Tal y como le había indicado Benji Boxman, encontró un árbol quemado y partido por la mitad no muy lejos de la entrada. Junto a su tronco calcinado se hallaba el lugar de descanso de sus padres. Habían puesto un par de placas de metal con los nombres de los dos y sus fechas de nacimiento y de su muerte para identificar las lápidas. No contenían ningún epitafio. Tampoco habían colocado flores, o si lo habían hecho el viento se las había llevado. Se forzó a aguantar el máximo tiempo posible. Cada pocos segundos se sobresaltaba por culpa de los fenómenos que aquel día reinaban en el bosque. De vez en cuando miraba la pantalla del teléfono móvil para comprobar la hora. El frío le congeló los sentimientos; ni siquiera derramó una lágrima, aunque por dentro tenía una jauría de gatos arañándole las entrañas, pero pensó que quizás sería mejor así, porque lo más probable era que, de haber llorado, el líquido se le hubiera congelado en las mejillas y la prueba de sus emociones desatadas hubiese perdurado en exceso.

A los nueve minutos, dio media vuelta y se marchó todo lo rápido que fue capaz.

Poco después, de camino a la posada, vio la silueta de una mujer, a lo lejos. Se encontraba inmóvil junto a una vivienda, una cabaña de una sola planta. A los pocos segundos una ráfaga de viento arrastró una cortina de nieve; cuando dicha cortina se disipó, la mujer había desaparecido. Entonces dudó de que aquella silueta pudiese pertenecer a un ser humano, ya que la distancia tal vez le había jugado una mala pasada, aunque en un principio hubiese jurado que así era.
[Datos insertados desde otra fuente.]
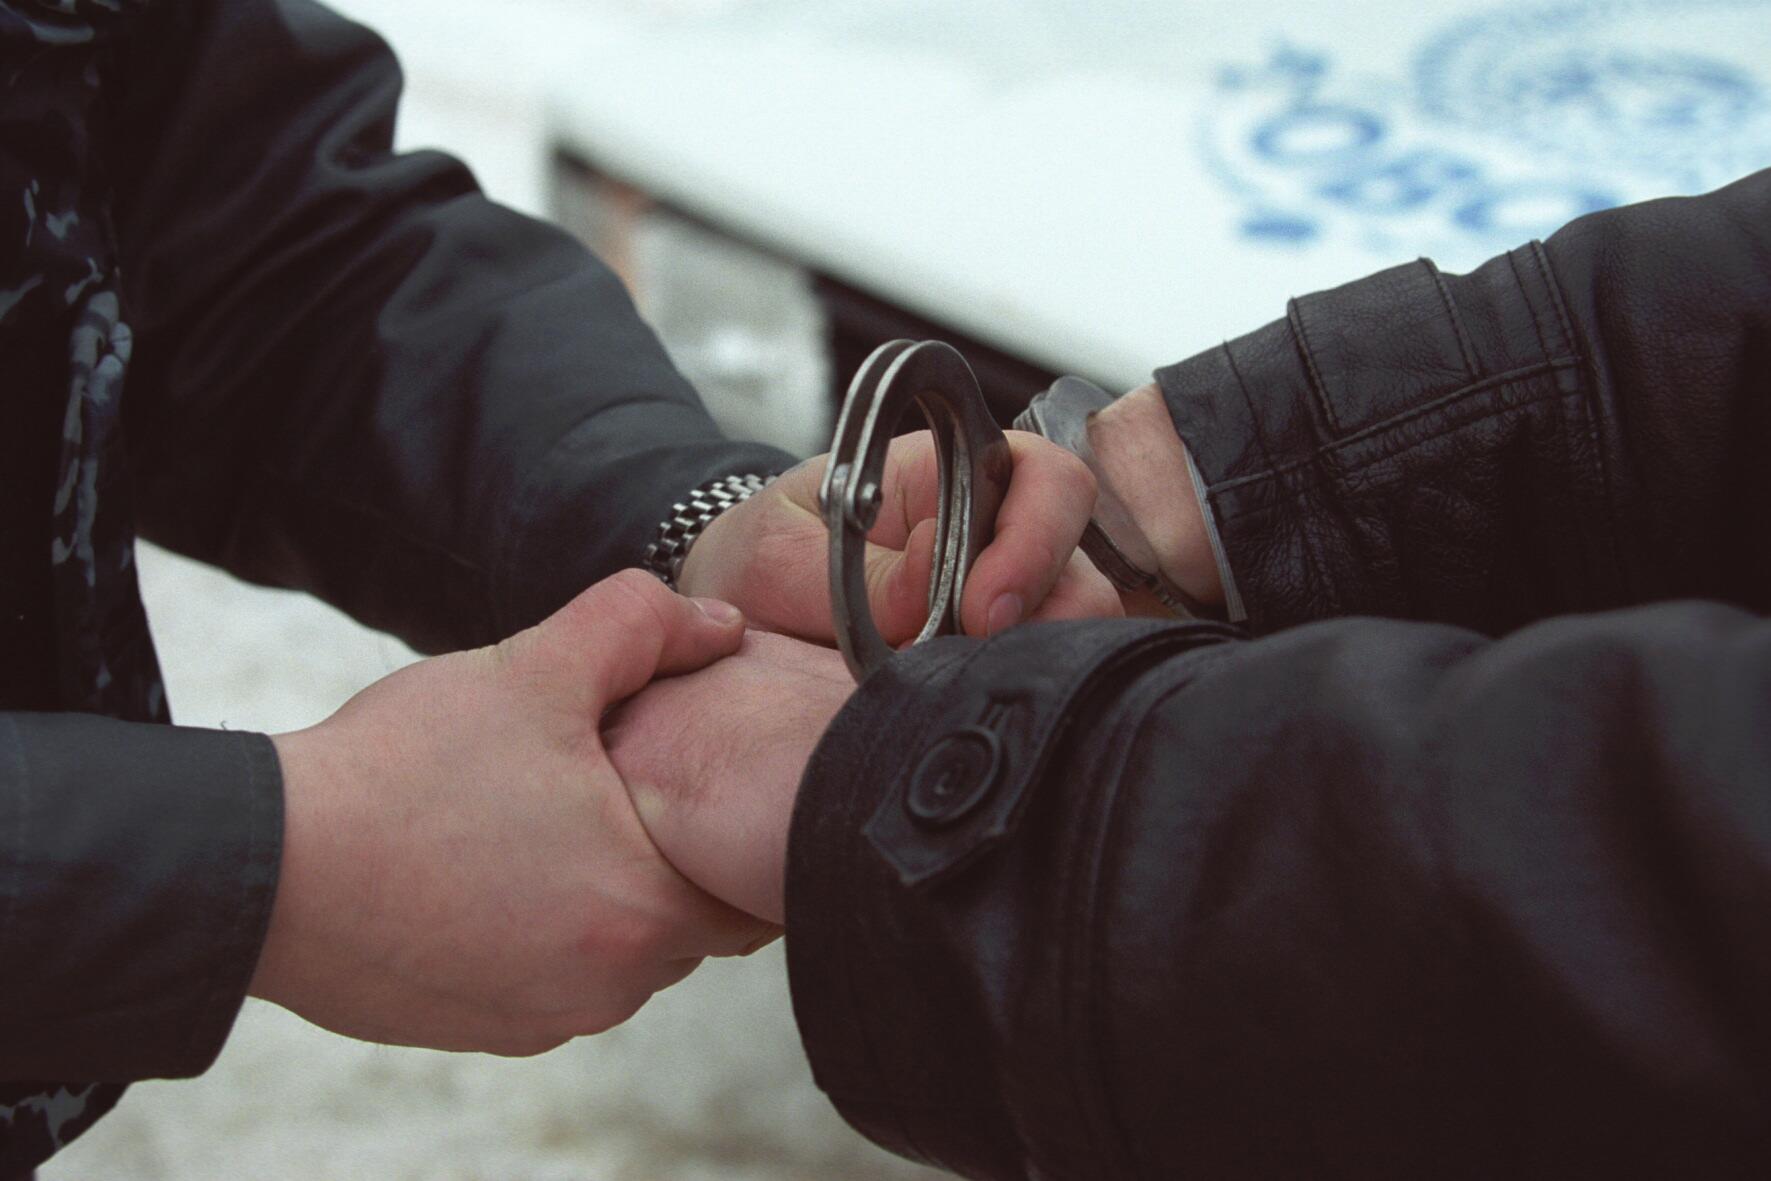 16-річний житель Перечина замість телефону продав старе взуття

Al tiempo que intentaba borrar aquella imagen de sus pensamientos, se frotó las manos con la vana esperanza de calentarlas. Por desgracia, mientras seguía parado en mitad del angosto camino, entre la escasa distancia que ofrecían un viejo fresno y la vetusta fachada de una casa, le dio por fijarse en la chimenea de la cabaña en la que había estado apoyada la supuesta figura de la desconocida. No salía humo, ni siquiera la voluta más pequeña. Se apartó un poco de la casa que tenía al lado. Levantó la cabeza. Tampoco aquella chimenea despedía humo, al igual que las demás chimeneas de las casas que se fue encontrando por el camino.

Este hecho resultaba desconcertante y ya no pudo quitarle importancia durante el tiempo que permaneció en Heksendorp.

El señor Boxman le había asegurado que su única intención al no quemar leña era la de ahorrar madera, pero empezaba a creer que aquello no era más que una excusa. Tampoco podía ser que todas las casas que se encontró a continuación, más de una veintena, estuvieran deshabitadas.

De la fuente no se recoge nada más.